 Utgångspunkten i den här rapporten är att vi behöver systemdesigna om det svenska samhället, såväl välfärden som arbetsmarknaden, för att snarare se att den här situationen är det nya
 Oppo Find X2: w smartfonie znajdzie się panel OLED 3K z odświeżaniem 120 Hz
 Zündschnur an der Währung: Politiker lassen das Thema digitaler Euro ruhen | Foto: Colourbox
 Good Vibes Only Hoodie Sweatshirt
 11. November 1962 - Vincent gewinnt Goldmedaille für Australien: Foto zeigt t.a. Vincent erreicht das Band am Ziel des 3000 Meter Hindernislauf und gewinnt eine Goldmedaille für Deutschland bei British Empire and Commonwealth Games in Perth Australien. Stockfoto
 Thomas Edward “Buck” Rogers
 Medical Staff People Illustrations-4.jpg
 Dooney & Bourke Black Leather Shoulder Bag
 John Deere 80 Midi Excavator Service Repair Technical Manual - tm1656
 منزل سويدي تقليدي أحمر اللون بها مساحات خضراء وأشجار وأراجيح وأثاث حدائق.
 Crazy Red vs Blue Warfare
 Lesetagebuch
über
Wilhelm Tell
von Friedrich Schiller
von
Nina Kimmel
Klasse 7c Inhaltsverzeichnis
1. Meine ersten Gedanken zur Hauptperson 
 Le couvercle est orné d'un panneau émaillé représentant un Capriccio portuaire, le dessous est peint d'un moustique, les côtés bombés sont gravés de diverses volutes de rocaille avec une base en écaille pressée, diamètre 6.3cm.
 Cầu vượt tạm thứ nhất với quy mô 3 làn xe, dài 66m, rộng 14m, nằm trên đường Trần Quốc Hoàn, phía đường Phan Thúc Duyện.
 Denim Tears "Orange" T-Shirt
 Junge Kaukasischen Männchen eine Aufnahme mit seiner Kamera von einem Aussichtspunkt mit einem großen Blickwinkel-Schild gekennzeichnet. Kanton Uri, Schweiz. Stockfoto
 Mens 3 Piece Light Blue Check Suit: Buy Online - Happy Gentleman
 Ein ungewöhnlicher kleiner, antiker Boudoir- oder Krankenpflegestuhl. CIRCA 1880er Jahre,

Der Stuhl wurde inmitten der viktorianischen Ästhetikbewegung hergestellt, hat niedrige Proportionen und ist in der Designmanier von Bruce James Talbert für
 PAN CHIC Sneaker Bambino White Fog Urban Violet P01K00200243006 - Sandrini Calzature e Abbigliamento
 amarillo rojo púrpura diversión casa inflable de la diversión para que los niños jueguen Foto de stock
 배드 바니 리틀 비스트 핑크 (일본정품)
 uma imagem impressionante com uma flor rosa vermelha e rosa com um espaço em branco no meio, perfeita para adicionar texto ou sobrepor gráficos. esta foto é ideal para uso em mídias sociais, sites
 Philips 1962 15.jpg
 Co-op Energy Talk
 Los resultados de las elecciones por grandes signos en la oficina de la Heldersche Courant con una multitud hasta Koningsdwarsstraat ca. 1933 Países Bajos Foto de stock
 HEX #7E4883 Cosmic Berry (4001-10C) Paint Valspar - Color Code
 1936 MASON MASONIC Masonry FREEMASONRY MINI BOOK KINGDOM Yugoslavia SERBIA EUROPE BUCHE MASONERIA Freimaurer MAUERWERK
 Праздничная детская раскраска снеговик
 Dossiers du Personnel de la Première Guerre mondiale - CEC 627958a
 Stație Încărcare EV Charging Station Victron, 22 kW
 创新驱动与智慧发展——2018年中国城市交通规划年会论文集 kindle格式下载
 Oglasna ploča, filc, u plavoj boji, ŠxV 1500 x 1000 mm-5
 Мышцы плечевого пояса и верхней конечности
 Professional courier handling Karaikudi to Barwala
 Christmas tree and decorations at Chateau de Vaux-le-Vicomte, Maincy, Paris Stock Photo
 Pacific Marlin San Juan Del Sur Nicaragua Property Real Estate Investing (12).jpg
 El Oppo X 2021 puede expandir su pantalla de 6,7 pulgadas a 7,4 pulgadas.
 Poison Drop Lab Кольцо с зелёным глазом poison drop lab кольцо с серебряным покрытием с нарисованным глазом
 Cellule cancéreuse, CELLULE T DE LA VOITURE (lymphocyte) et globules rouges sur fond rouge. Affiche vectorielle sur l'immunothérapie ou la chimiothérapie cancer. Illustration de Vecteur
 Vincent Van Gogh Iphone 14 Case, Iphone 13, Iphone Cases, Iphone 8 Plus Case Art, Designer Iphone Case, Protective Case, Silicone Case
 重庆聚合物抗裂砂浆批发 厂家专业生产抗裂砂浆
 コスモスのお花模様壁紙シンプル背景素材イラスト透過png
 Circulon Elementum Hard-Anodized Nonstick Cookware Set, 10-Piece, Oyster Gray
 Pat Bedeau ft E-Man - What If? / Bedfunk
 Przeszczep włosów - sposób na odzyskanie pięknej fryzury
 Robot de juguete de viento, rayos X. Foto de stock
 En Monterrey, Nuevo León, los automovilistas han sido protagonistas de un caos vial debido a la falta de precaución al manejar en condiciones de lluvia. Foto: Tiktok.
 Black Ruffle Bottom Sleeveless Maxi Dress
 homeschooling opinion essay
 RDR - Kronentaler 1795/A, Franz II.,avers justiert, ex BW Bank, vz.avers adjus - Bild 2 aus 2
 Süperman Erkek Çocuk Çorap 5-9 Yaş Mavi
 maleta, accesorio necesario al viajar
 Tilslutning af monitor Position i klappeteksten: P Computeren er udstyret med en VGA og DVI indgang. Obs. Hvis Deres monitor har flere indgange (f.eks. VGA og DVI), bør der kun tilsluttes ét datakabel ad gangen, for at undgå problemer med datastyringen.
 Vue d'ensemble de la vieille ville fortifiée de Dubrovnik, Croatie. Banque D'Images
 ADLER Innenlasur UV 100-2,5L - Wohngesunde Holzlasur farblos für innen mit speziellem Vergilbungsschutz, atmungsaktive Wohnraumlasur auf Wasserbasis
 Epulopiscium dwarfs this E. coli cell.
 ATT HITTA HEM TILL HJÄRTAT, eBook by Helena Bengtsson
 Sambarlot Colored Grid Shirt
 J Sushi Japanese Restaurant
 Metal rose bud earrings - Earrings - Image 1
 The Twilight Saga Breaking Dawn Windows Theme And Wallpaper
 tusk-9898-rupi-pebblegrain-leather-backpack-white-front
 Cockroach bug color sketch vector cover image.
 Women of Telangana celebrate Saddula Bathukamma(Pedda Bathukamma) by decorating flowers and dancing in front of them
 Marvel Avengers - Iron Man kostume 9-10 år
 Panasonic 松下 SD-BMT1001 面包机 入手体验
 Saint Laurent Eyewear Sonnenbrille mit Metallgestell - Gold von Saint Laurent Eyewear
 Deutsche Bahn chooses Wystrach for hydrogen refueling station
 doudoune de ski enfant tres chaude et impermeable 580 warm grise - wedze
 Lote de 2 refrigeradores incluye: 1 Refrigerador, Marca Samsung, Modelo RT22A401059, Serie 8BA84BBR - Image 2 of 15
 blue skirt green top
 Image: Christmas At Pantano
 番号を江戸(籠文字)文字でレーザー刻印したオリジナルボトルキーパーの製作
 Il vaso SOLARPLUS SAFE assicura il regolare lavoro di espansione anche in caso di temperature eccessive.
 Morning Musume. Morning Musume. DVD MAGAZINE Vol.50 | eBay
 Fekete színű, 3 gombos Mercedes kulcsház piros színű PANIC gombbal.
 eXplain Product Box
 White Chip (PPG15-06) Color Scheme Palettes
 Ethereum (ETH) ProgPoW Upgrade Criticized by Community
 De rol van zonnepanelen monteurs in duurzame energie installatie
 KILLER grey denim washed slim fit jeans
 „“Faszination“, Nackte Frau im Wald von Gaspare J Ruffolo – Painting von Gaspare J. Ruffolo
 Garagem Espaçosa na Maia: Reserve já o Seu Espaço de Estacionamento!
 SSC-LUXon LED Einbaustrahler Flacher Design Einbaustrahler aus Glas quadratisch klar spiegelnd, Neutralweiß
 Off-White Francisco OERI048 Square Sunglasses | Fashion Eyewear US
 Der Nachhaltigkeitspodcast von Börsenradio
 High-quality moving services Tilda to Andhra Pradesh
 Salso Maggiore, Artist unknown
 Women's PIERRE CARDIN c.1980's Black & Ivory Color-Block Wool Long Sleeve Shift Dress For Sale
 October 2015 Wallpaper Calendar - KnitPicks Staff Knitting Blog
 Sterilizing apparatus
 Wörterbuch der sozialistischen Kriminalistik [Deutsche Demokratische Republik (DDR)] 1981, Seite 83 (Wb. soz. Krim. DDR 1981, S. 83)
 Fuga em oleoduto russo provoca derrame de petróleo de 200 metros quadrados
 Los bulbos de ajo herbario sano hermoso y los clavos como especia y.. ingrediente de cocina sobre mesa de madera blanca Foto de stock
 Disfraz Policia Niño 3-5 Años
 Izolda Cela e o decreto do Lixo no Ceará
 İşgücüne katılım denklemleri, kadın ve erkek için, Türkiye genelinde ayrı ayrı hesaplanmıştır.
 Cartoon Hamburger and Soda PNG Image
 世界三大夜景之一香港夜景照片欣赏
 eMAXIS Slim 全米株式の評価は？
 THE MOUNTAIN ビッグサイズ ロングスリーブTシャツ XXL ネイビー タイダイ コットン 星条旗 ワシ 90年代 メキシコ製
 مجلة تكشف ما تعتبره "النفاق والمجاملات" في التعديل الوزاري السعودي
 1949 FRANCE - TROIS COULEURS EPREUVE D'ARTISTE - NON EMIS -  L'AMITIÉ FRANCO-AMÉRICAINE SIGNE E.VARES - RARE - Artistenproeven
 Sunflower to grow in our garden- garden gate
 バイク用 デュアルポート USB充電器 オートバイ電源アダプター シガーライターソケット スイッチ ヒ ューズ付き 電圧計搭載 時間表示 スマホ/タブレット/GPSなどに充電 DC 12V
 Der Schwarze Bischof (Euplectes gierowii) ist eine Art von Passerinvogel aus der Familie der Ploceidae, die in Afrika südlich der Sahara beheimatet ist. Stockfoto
= = = = =
Exercise brief |
Please find every line in the records that contains the word "Deutsche", and copy it out.

Exercise answer |
 Deutsche Bahn chooses Wystrach for hydrogen refueling station
 Wörterbuch der sozialistischen Kriminalistik [Deutsche Demokratische Republik (DDR)] 1981, Seite 83 (Wb. soz. Krim. DDR 1981, S. 83)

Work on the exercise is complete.